TO DO: A word-for-word copy of the data is what's wanted, with no pictures.

RAW DATA:
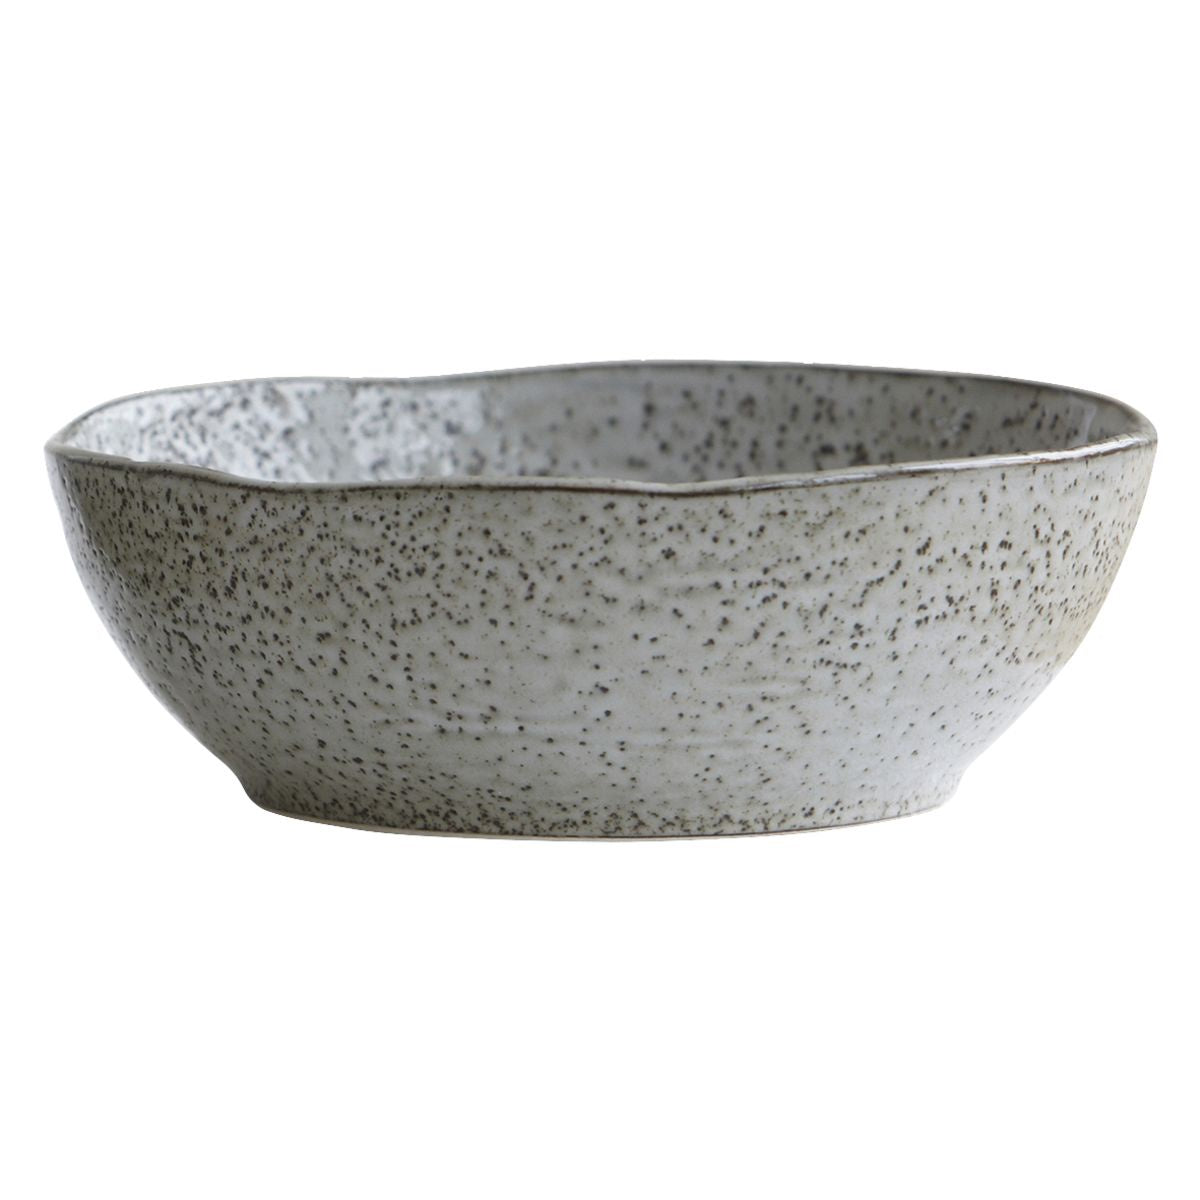 House Doctor Bowl Rustic
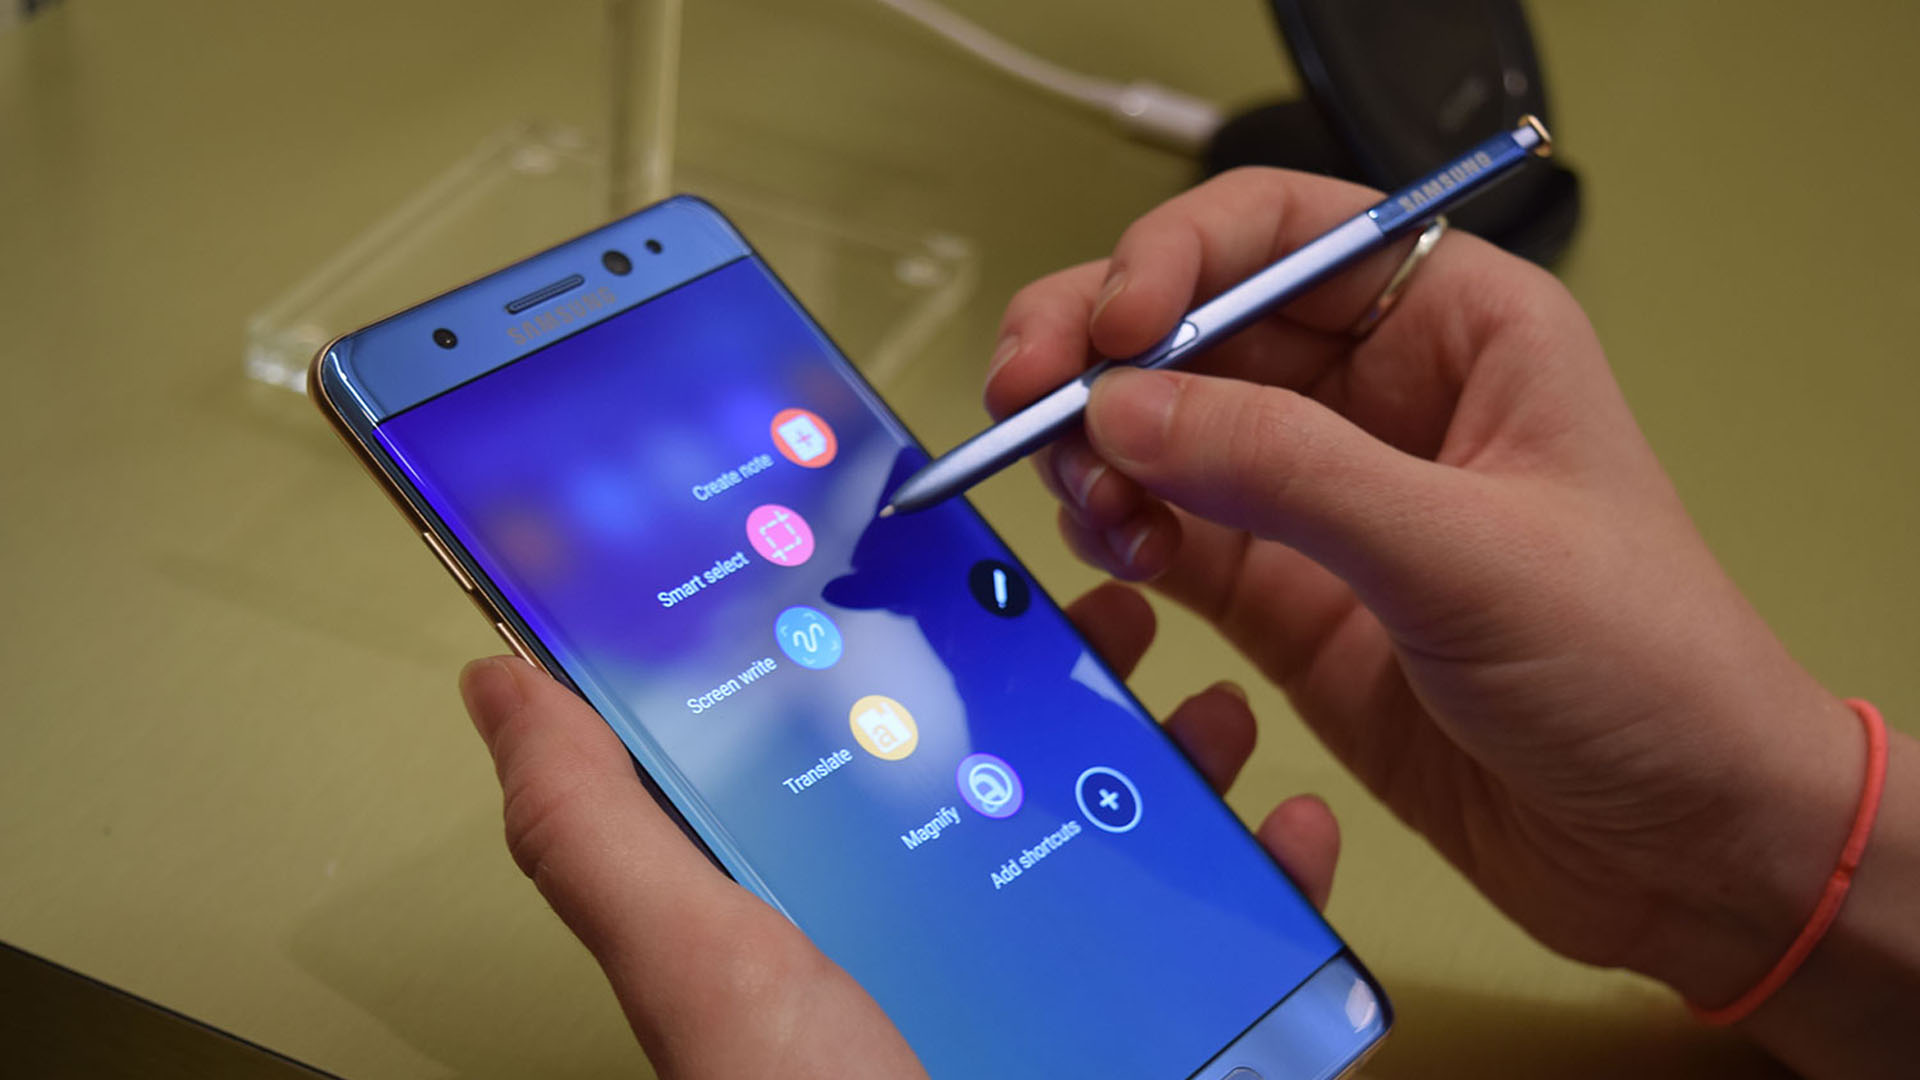 Samsung Note 7. Самсунг галакси ноут 7. Note 7 note 11
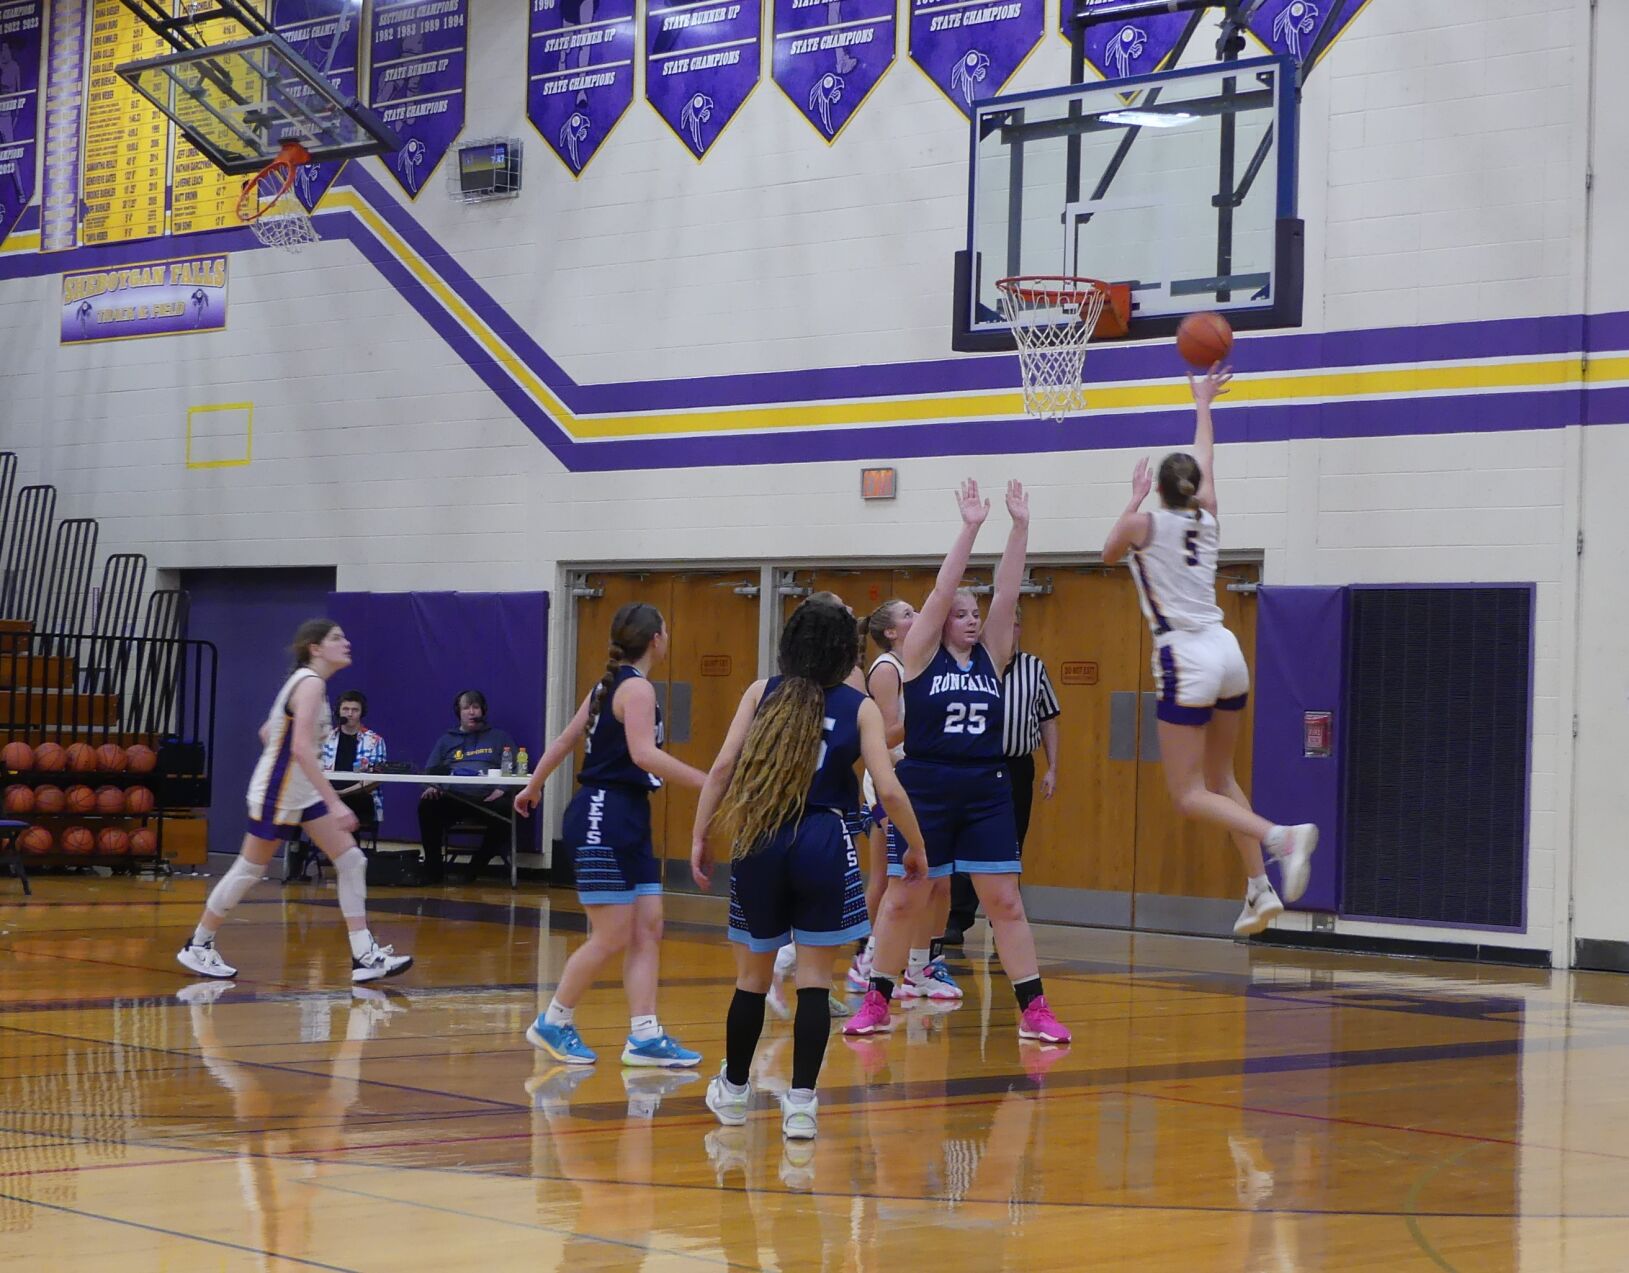 Sheboygan Falls Falcons Extend Undefeated Streak to 12-0 with a Commanding 77-36 Victory

SOLUTION TO THIS PROBLEM:
 House Doctor Bowl Rustic
 Samsung Note 7. Самсунг галакси ноут 7. Note 7 note 11
 Sheboygan Falls Falcons Extend Undefeated Streak to 12-0 with a Commanding 77-36 Victory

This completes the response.